*PROVIDED MATERIAL*

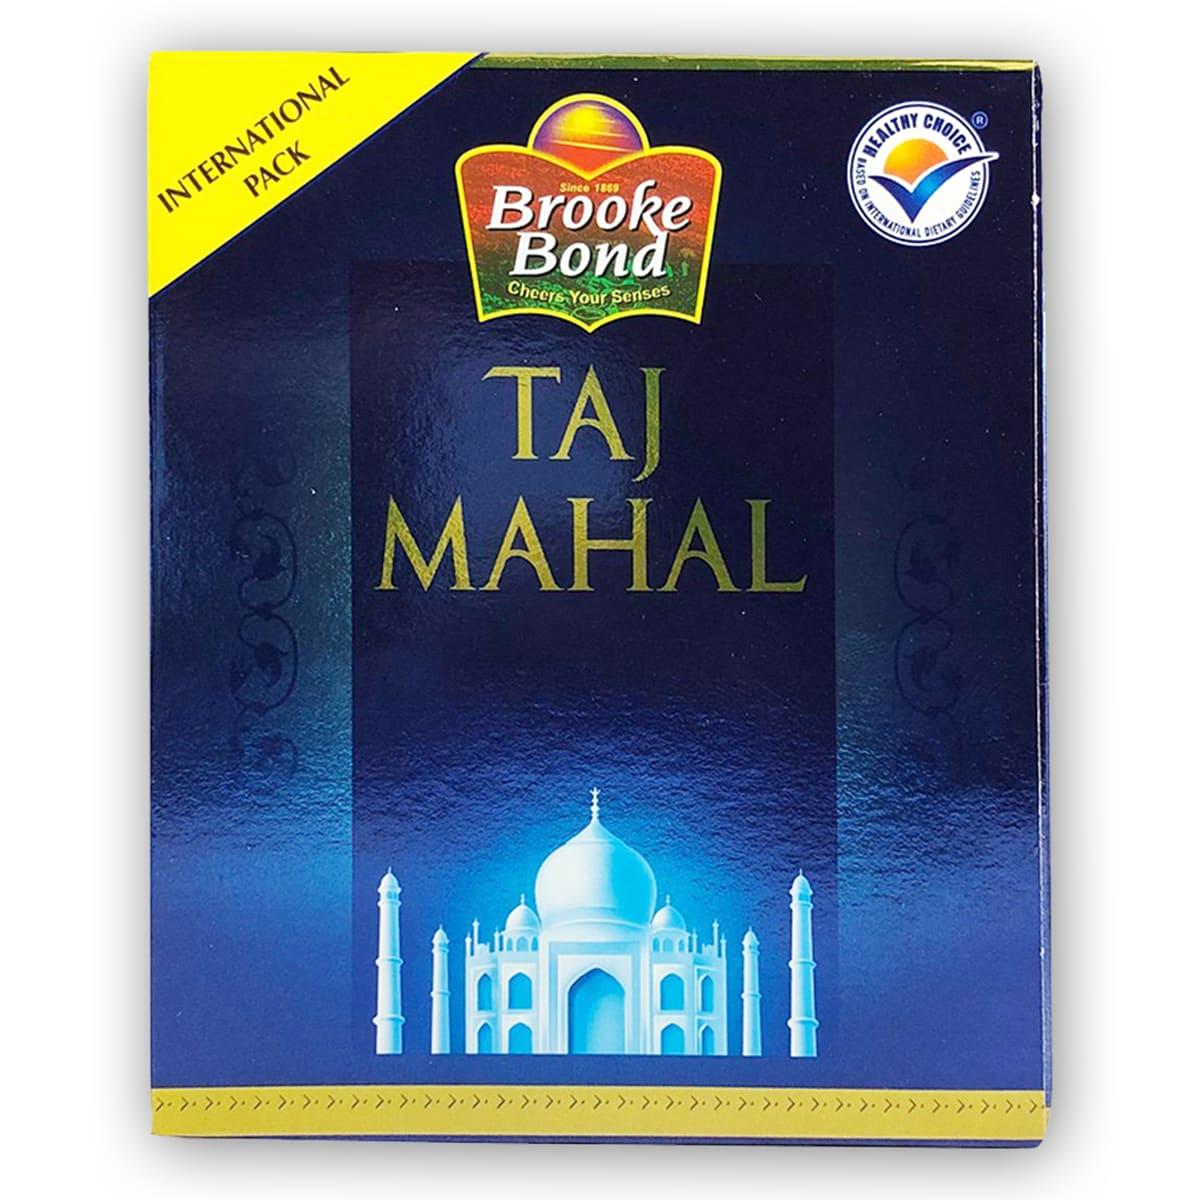 Buy Brooke Bond Taj Mahal Tea (Loose Tea) - 450 gm
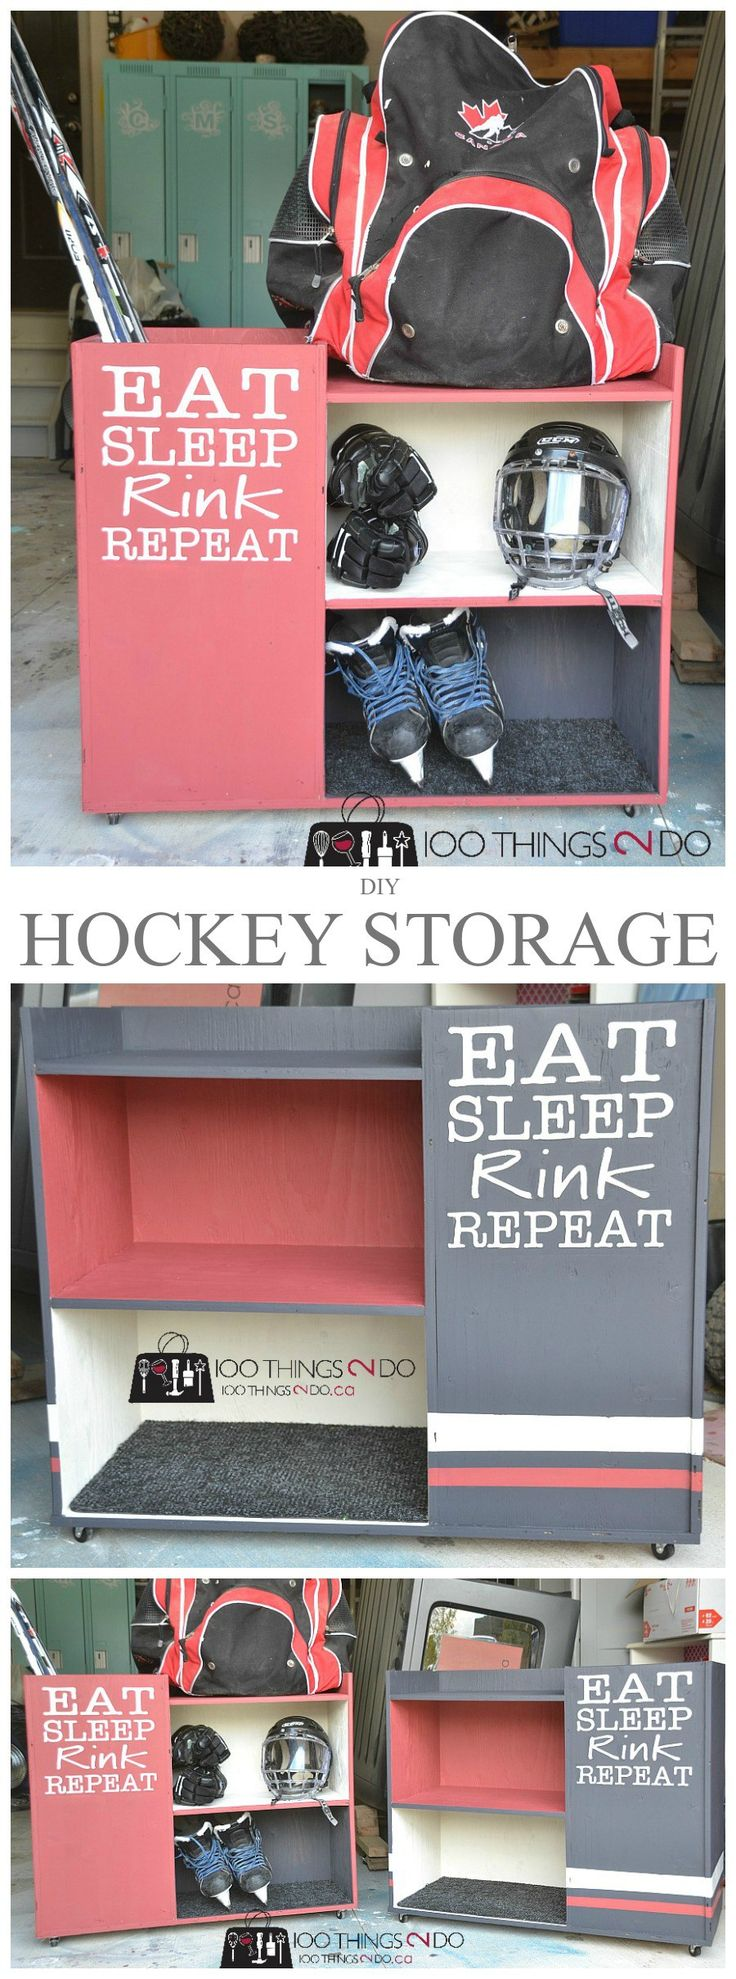 Hockey storage, sports storage, DIY hockey storage rack, DIY sports rack
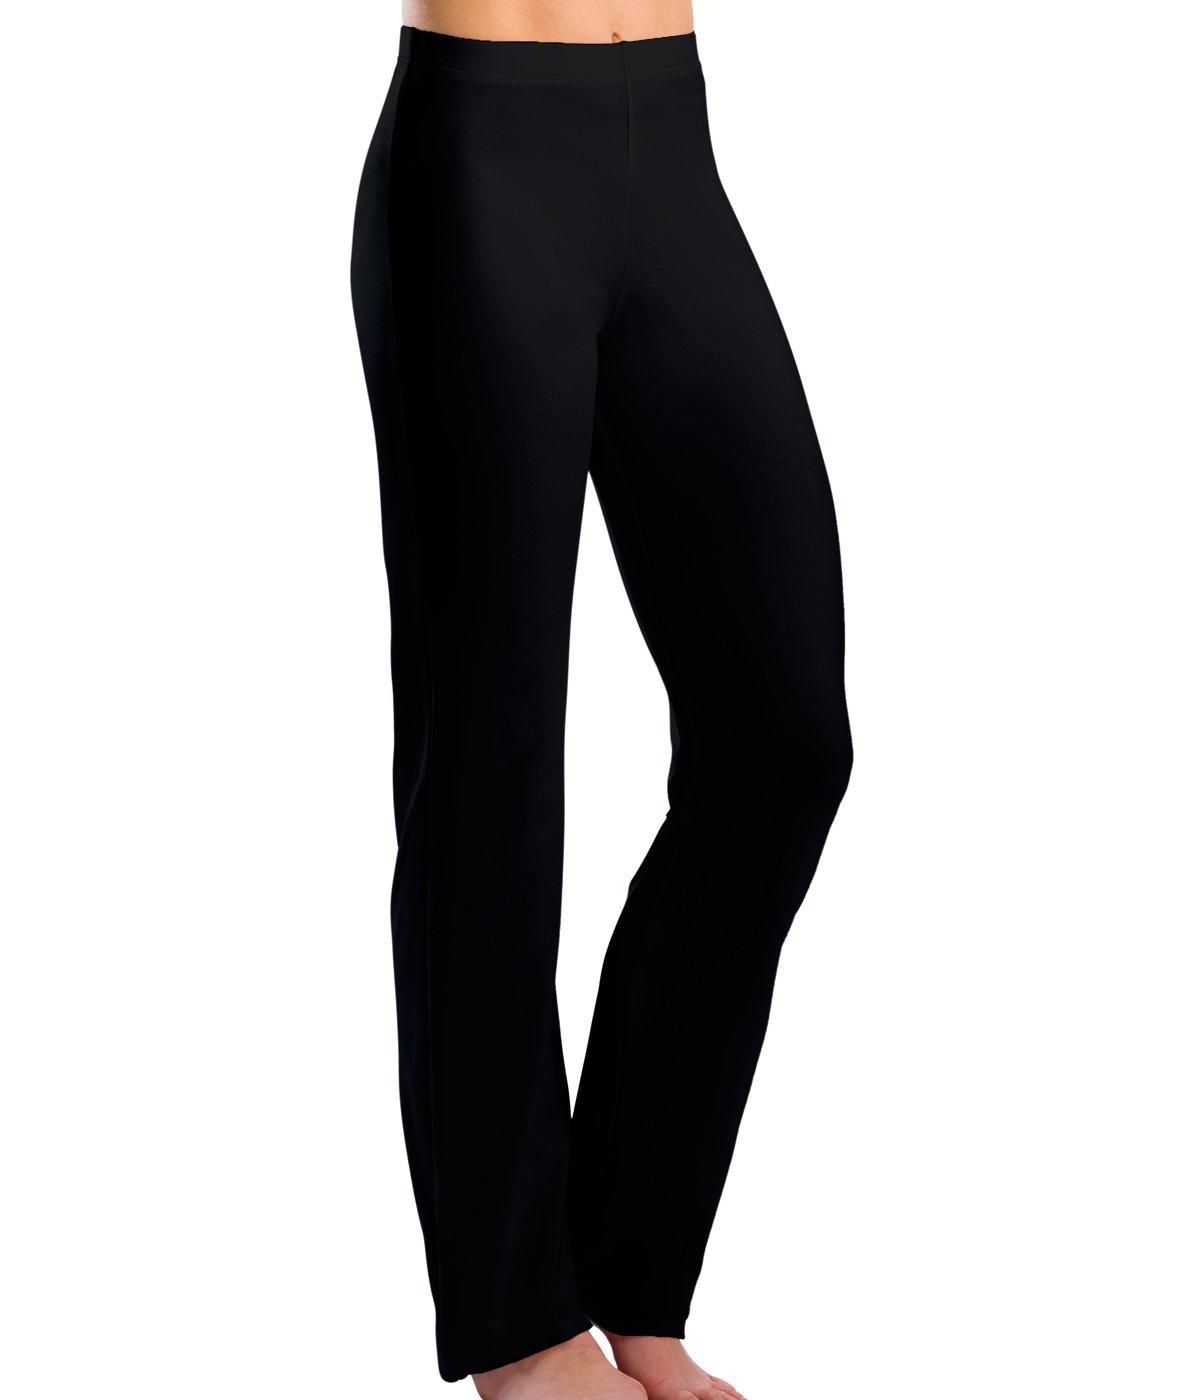 Motionwear Girl's Boot Cut Jazz Pants L BLACK

*WORK TO COMPLETE*
When you write out the material, keep every line exact and leave out each picture.

*THE COMPLETED TASK*
 Buy Brooke Bond Taj Mahal Tea (Loose Tea) - 450 gm
 Hockey storage, sports storage, DIY hockey storage rack, DIY sports rack
 Motionwear Girl's Boot Cut Jazz Pants L BLACK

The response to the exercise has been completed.